At this time the gel was heated to 40°C for three hours. A portion of this gel (69.9 parts) was withdrawn and added to a solution of 4.93 parts of sodium hydroxide in 80 parts of water. The gel was chopped thoroughly until it had imbibed all of the surrounding fluid. It was then left at 40°C for 16 hours.

Treatment of the resulting rubbery particles with methanol, drying, and pulverizing by the method of Example I gave 20.1 parts of a white powder. A portion of this powder was pulverized further and dried for an additional 1 hour to give a material having a gel volume of 47 g/g and an extractables content of 0.9%. The hydrogel formed from this material has a hear modulus of 1.11×10⁴ dynes/cm². Degree of neutralization was 70%.

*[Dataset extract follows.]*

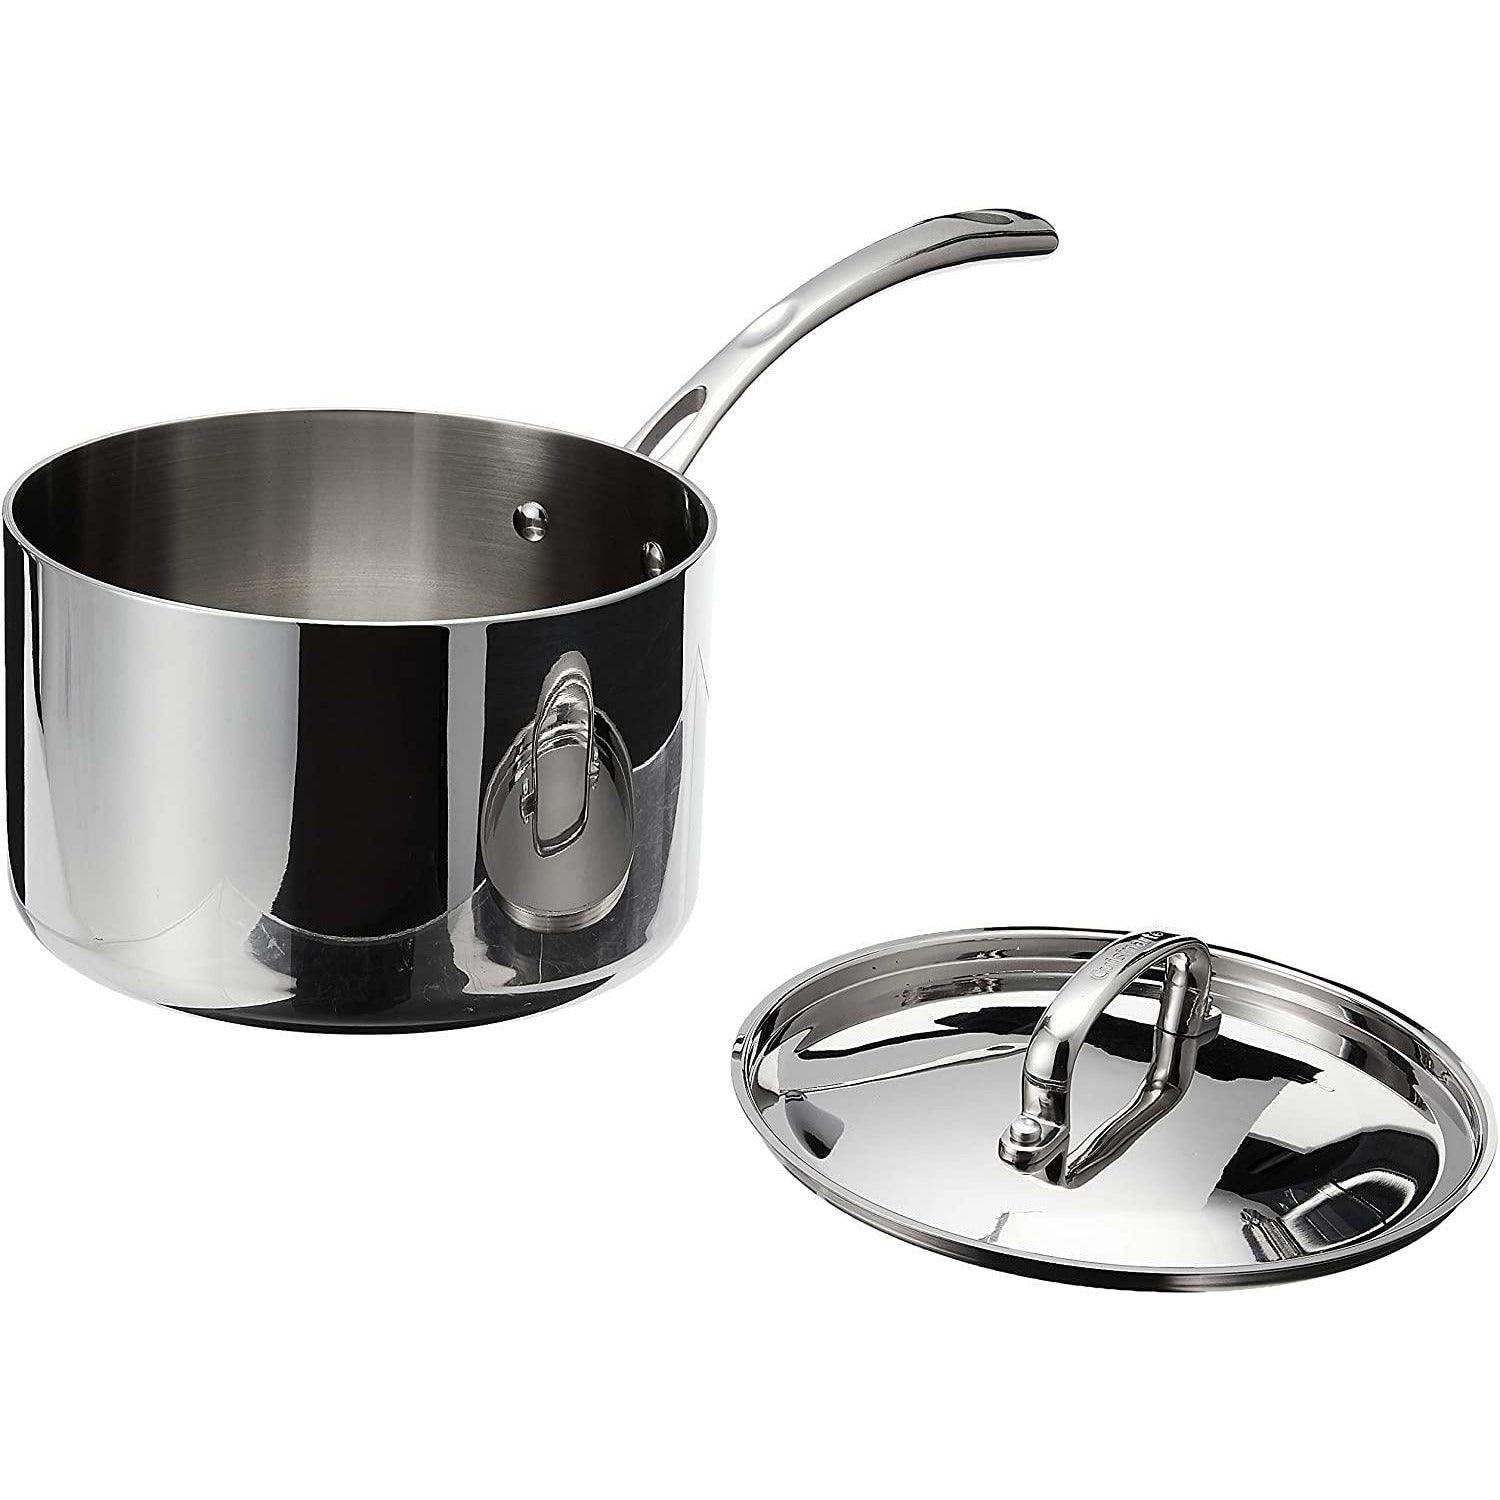 Cuisinart French Classic Tri-Ply Stainless 6 Quart Stockpot with Lid

When a portion of the neutralized rubbery particles was directly dried under high vacuum at 80°C for 16 hours (no methanol treatment) followed by the same pulverization and redrying, a white powder was obtained having a gel volume of 45 g/g and an extractables content of 2.2%. This powder forms a hydrogel having a shear modulus of 1.24×10⁴ dynes/cm². Degree of neutralization was also 70%.

This example illustrates the hydrogel-forming materials of especially, low extractables content can be prepared using the minimum initiator concentration technique.

EXAMPLE VIII

A polymerization was carried out using the amounts of materials and methods of Example I except that 0.725 parts of trimethylol propane triacrylate were used in place of N,N'-methylenebisacrylamide. The final white powder that was obtained has a gel volume of 41 g/g and an extractables content of 2.1%. The hydrogel formed from this powder has a shear modulus of 1.35×10⁴ dynes/cm². Degree of neutralization was 70%.

EXAMPLE IX

Four hundred fifty parts of doubly distilled water, 92 parts of acrylic acid, and 0.748 parts of N,N'-methylenebisacrylamide were placed in a reaction vessel equipped with a mechanical stirrer, thermometer, and argon inlet. The solution was stirred at 25°C and purged with argon by submerged dispersion tube for 1 hour. The temperature of the solution was raised to 64°C, the stirring speed was increased, and 0.051 parts of potassium persulfate dissolved in 3 parts of water were added.

Within 45 seconds, the solution had gelled, and stirring was no longer possible. While maintaining the external temperature at 65°C, the reaction temperature rose to 84°C after 19 minutes and then began to fall. After maintaining the external temperature at 40°C for three hours, 123.4 parts of this gel were chopped in the presence of 8.12 parts of sodium hydroxide dissolved in 160 parts of water. When all excess fluid had been imbibed, the resulting rubbery particles were left at 40°C for 16 hours. These particles were dried and ground without methanol in the manner of Examples VII.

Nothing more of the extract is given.